(Data section Opens)

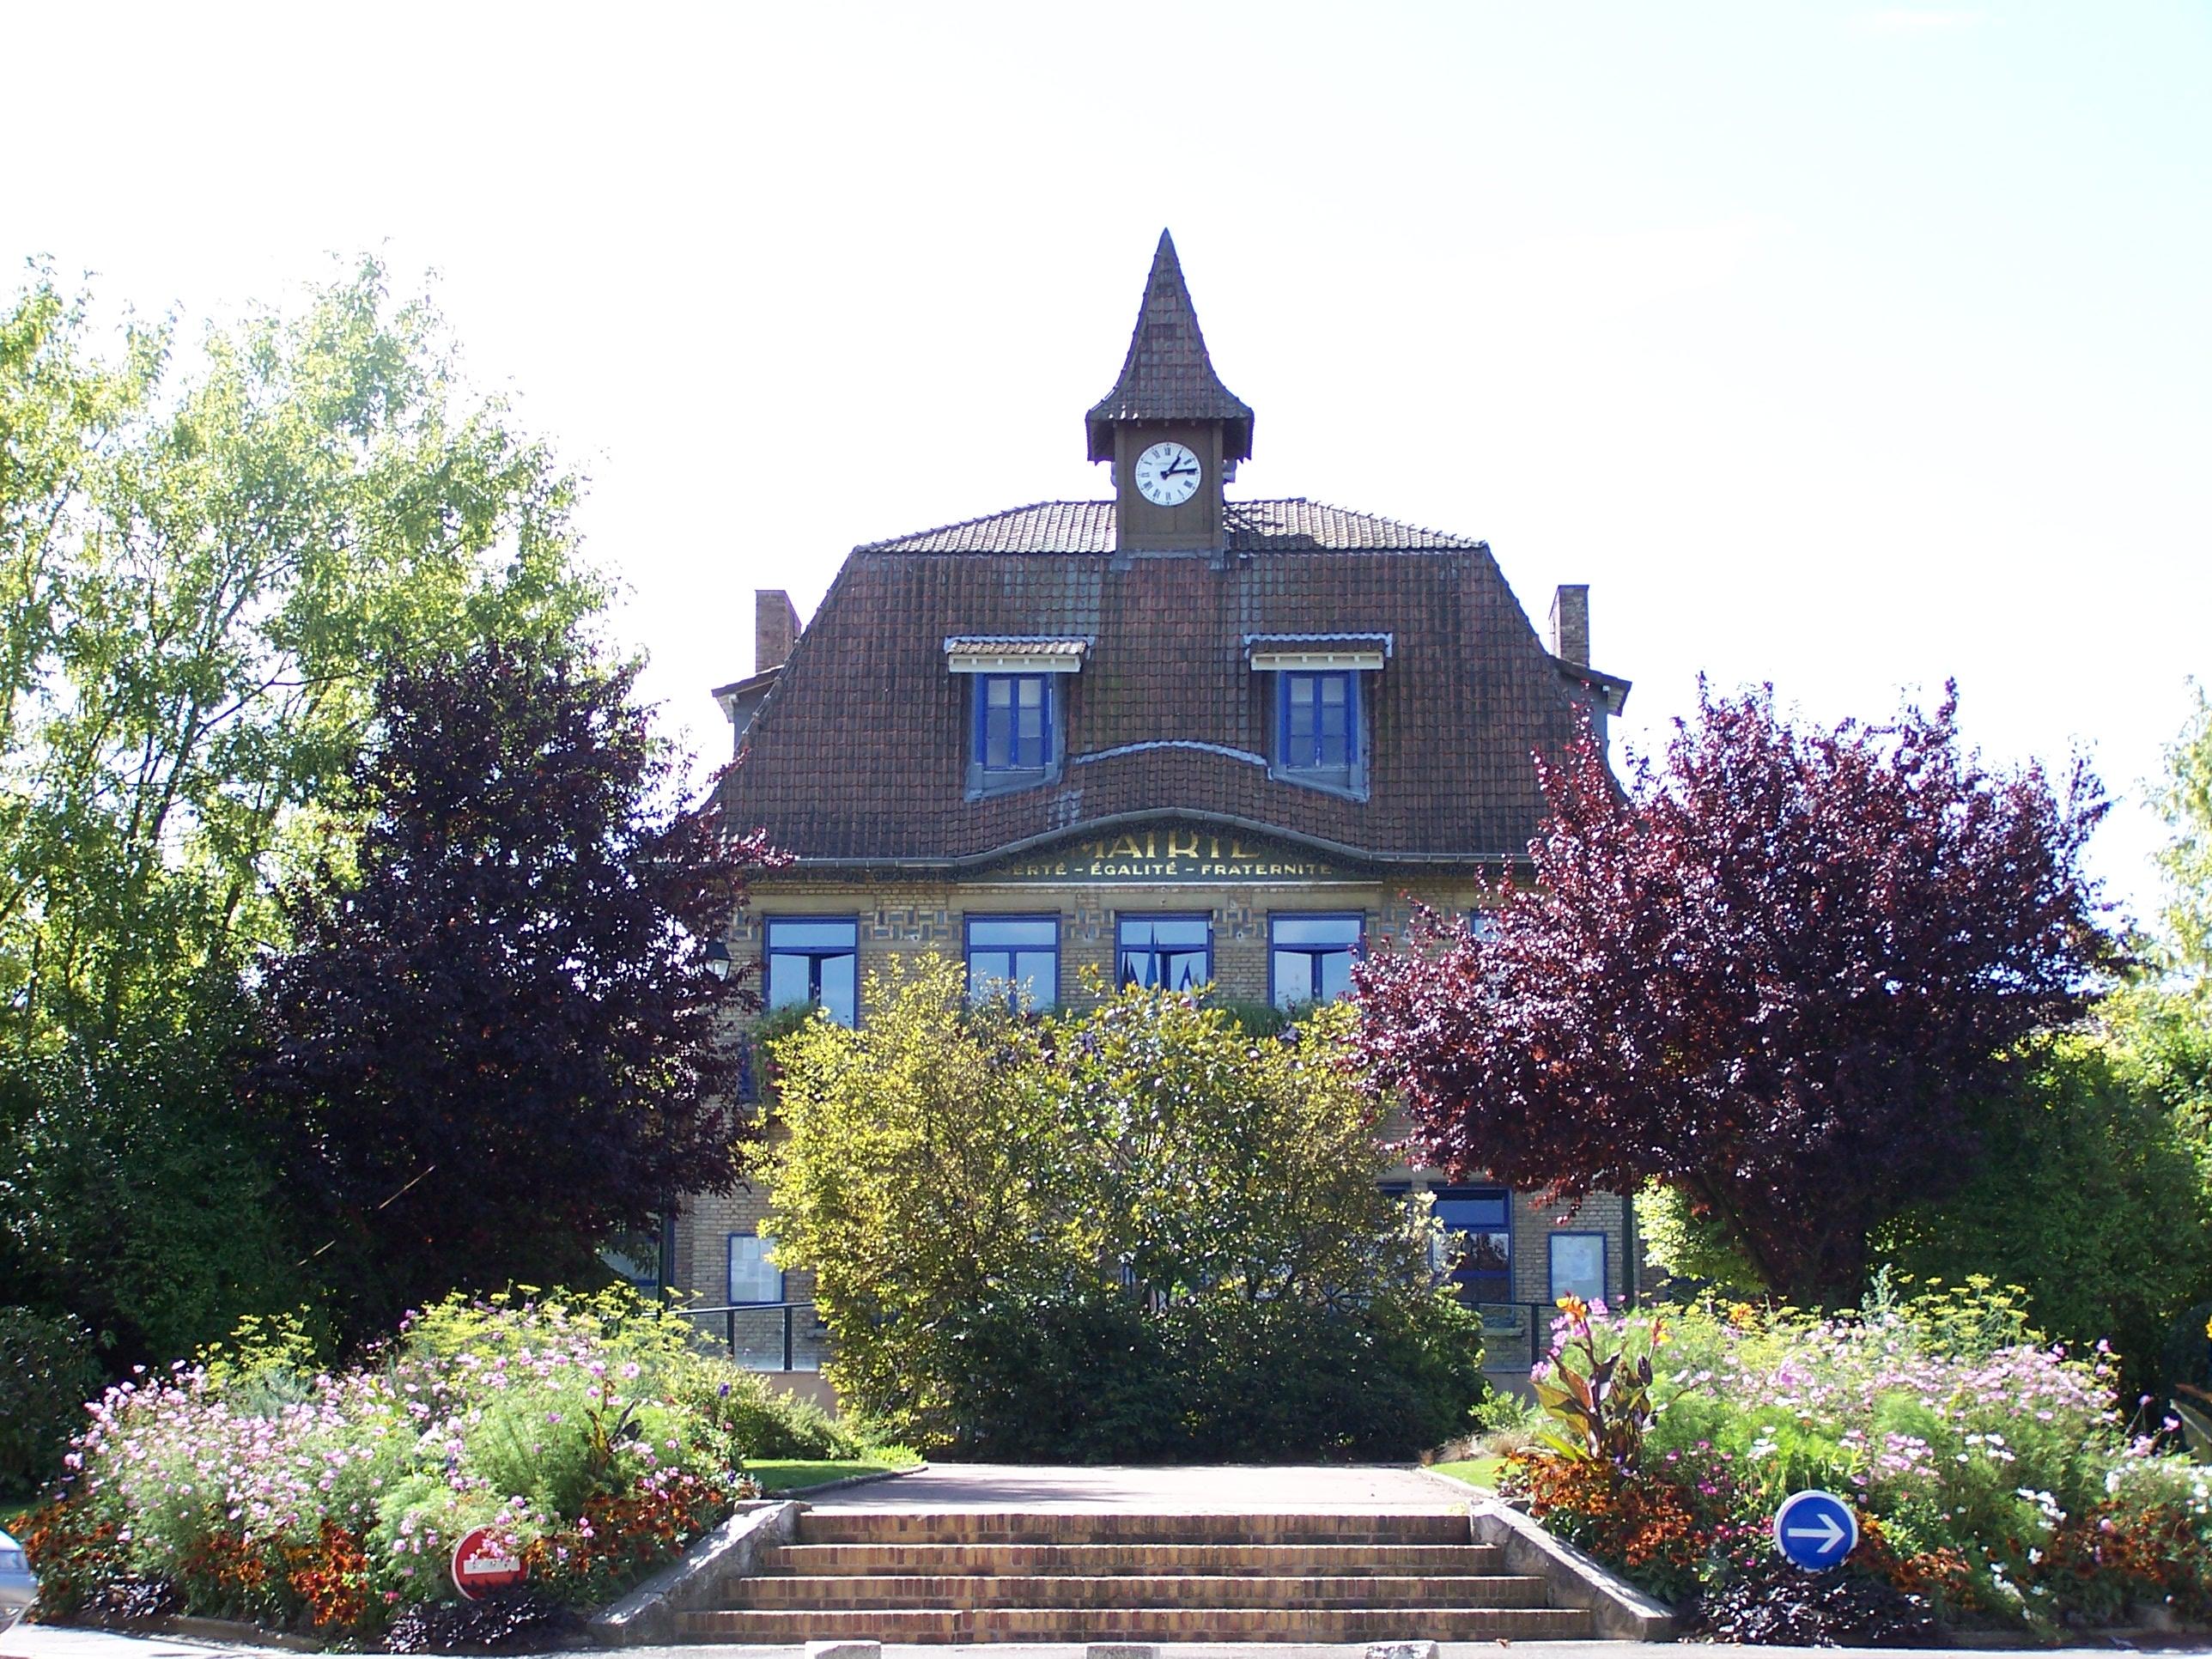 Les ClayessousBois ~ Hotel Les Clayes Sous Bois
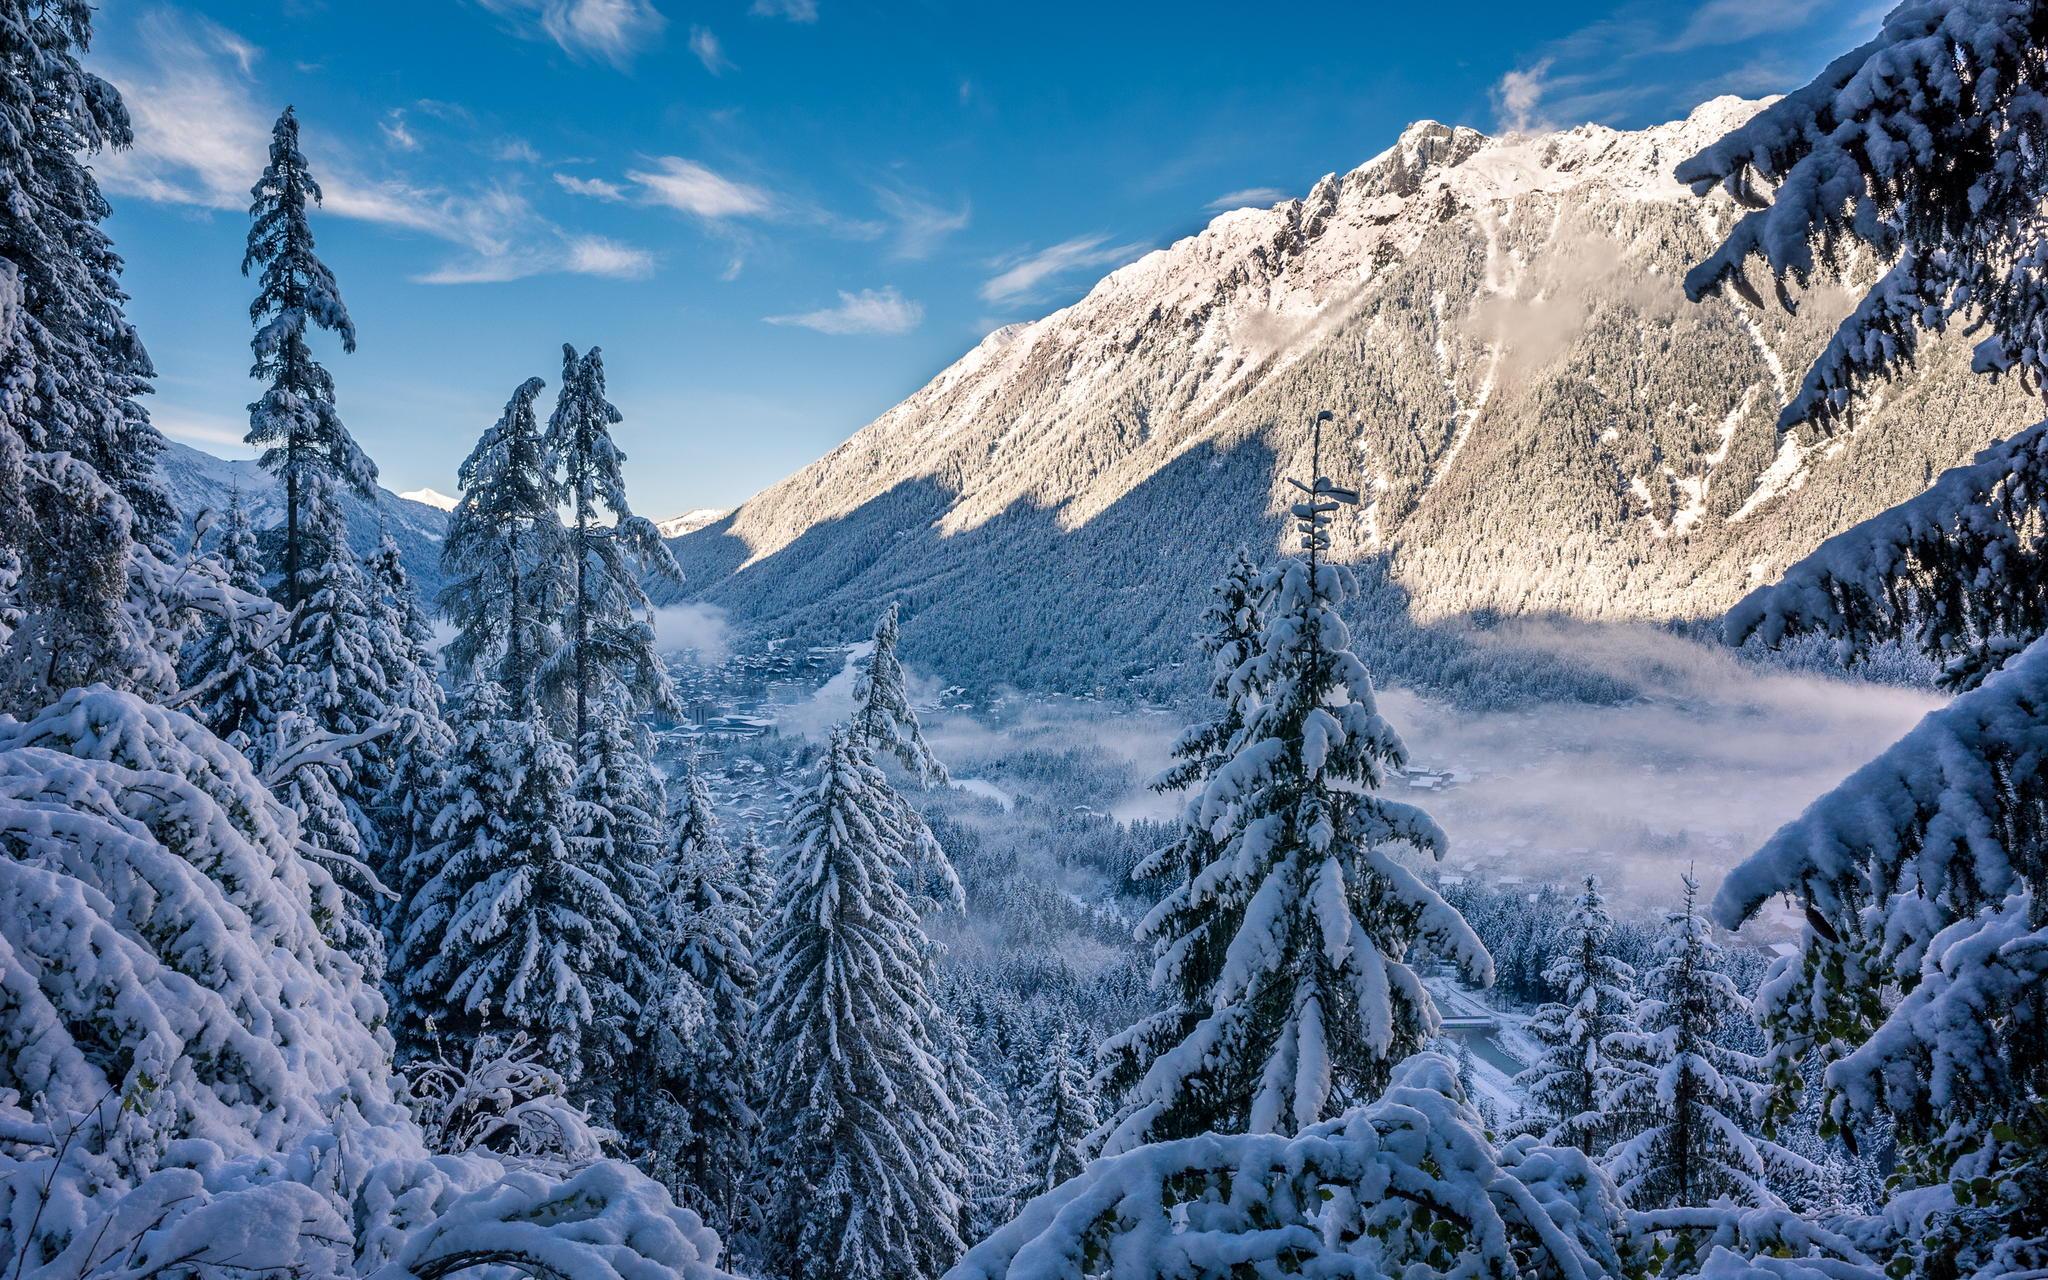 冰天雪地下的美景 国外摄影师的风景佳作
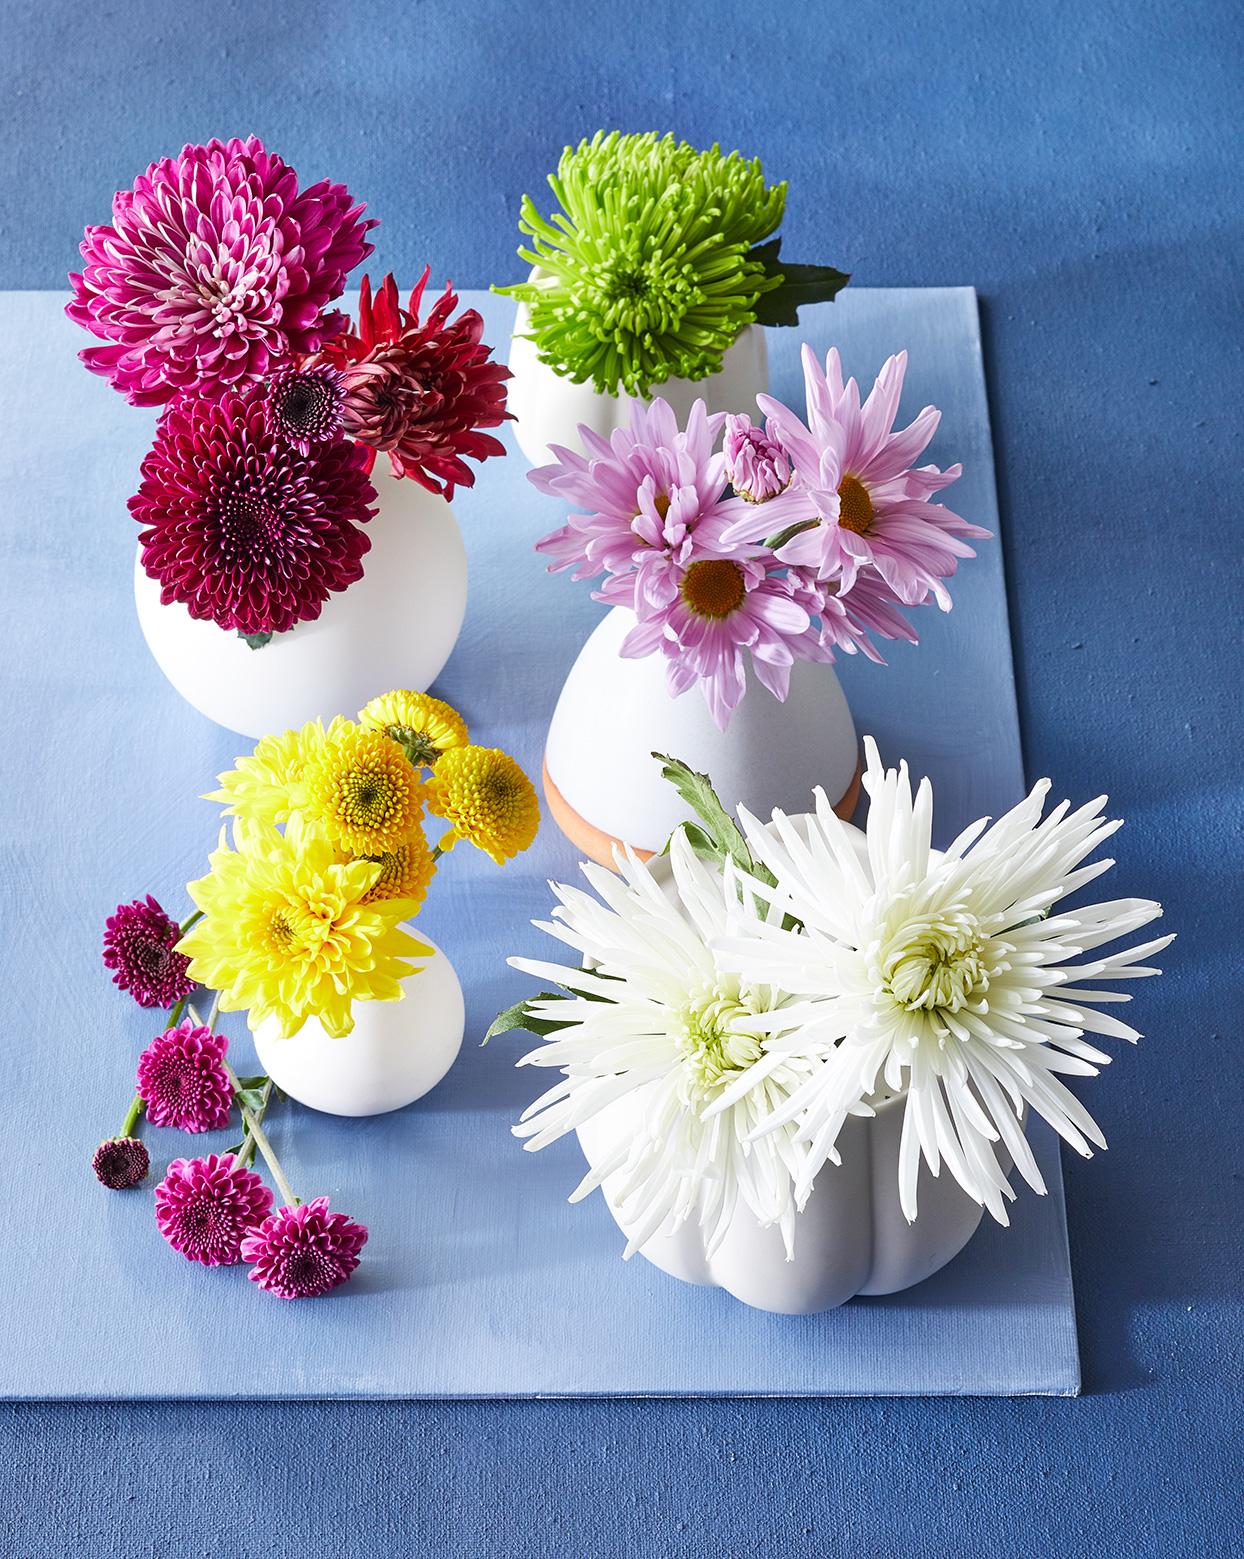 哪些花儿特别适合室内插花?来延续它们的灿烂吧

(Data section Closes)

Problem details:
Give every line above again exactly, with no pictures.

Answer space:
 Les ClayessousBois ~ Hotel Les Clayes Sous Bois
 冰天雪地下的美景 国外摄影师的风景佳作
 哪些花儿特别适合室内插花?来延续它们的灿烂吧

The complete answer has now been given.